Photo from Karen Information Center
A hastily assembled refugee camp in Mae Sot, Thailand, where some ten thousand people, according to Thai authorities and NGOs, have fled to escape the violence today just across the border in Myawaddi.
Click here to see more photos from the refugee camp.
Sunday was the first election in twenty years in Burma, but the day’s programming on the state run television network ranged from golfing tips to hair style shows, with intermittent ads featuring Burmese pop stars encouraging the people of Burma to go to the polls, and bring in their new country, and vote. There was no coverage of the actual election process other than footage that was smuggled out by foreign journalists. Most news reports called it a “quiet day” with little activity, low voter turnout, and generally not a whole lot to report.
But that was a very different kind of day from what many people in Burma experienced. Reports from around the country reported election fraud, with intimidation of voters, denying voters the right to vote, and forcing voters to vote for the military’s own party comprising the core of the complaints.
Unrest was particularly great in the ethnic states. Tensions have increased throughout Burma, but the election infractions were most rampant in the ethnic regions, where hundreds of thousands of people were denied the right to vote, others who were paid to register to vote as long as they guaranteed their vote would be made for the military’s party.
This, combined with the military pressure on the ethnic armed groups to join the Burmese military to give up their arms, has effectively ended ceasefire agreements between three major ethnic armies the Burmese military. These groups have instead joined forces, and a coalition has formed between five ethnic armies who now have signed a contract to defend each other politically and militarily if attacked by the Burmese army. Forcing the hand of these ethnic groups could possibly be the tragic flaw in the Burmese military’s plan to sew up a transformation of their military dictatorship into the image of a democracy. The ethnic groups have had long standing disagreements with each other, but all now view their common enemy as the Burmese military.
Soon after the polls closed yesterday afternoon, the biggest strike to date was made by a former ceasefire group a few kilometers from here, in the town of Myawaddy, the town across the border from where I’ve been posted in Thailand, Mae Sot. Myawaddy is the biggest import export exchange point along the Burmese border.

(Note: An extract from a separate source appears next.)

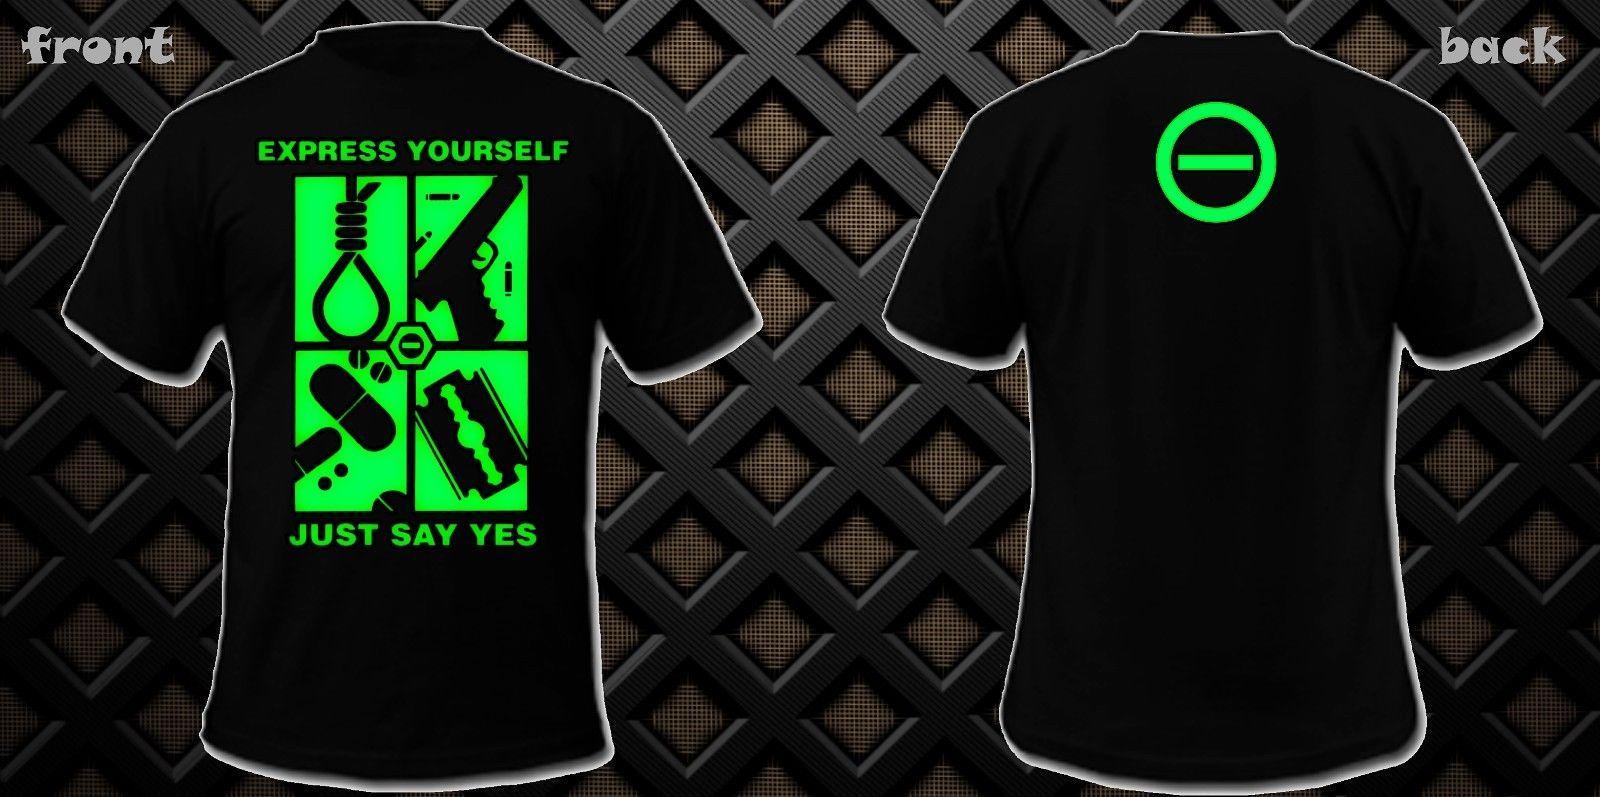 12b13091f Compre Nueva Camiseta Type O Negative Just Say Yes Camiseta Estampada Dtg  Camiseta De Verano De Manga Corta 100% Algodón A  24.2 Del Lontimestore

For the first time in 30 years. a faction of the DKBA, or Democratic Karen Buddhist Army, took the town of Myawaddy from the Burmese military in a silent coup.
On Saturday night, they joined the main DKBA group in the sugar cane fields just south of town, and just before daybreak came into Myawaddy, took over the police station, the border checkpoints, the polling stations and the military intelligence office, which is the communications center for the Burmese military.
“They [Burmese army] announced that they will shoot people who don’t vote [in today’s elections], so people called on us to seize the town,” said the rebel group’s commander, Brigadier General Nha Kam We.
Most of the DKBA troops recently returned from military training in Nawpydaw, the new capital city of Burma, as part of their new role as Border Guard Forces for the Burmese military. But a brigade under the leadership of Na Kah Mweh, refused to join the Border Guard Force.
Despite threats against them, individuals from other DKBA battalions have also defected from their posts and joined the uprising. Na Kah Mweh sees himself as a patriot. He has no interest in joining the Burmese military, who he still views as their greatest enemy. Instead, he and his troops have realigned themselves with the Karen National Union, the supervising organization of the Karen National Liberation Army (KNLA), which DKBA broke off from almost twenty years ago. The Burmese Army has until now been extremely successful in using “divide and conquer” methods to deal with the ethnic groups. That split appears now to be over as the forces are uniting in fighting against the Burmese military.
By mid morning on Monday, some shelling made its way over the Thai border by the Friendship Bridge checkpoint, followed by a steady stream of people who began to cross into Thailand by boat, after being told by the DKBA soldiers that a the Burmese military were planning a major counter-offensive. The Thai authorities and NGO’s assembled a camp to house the refugees between the border and Mae Sot. At last count, over 10,000 people had made their way out of the town, with no sign of letting up. By evening parts of Myawaddy were reported to have been set on fire. By Monday night, it was reported that the SPDC was dispatching helicopters. What the helicopters contained – whether troops or explosives– wasn’t clear.
What is clear is that the new coalition among the ethnic groups has begun to test itself against the Burmese military.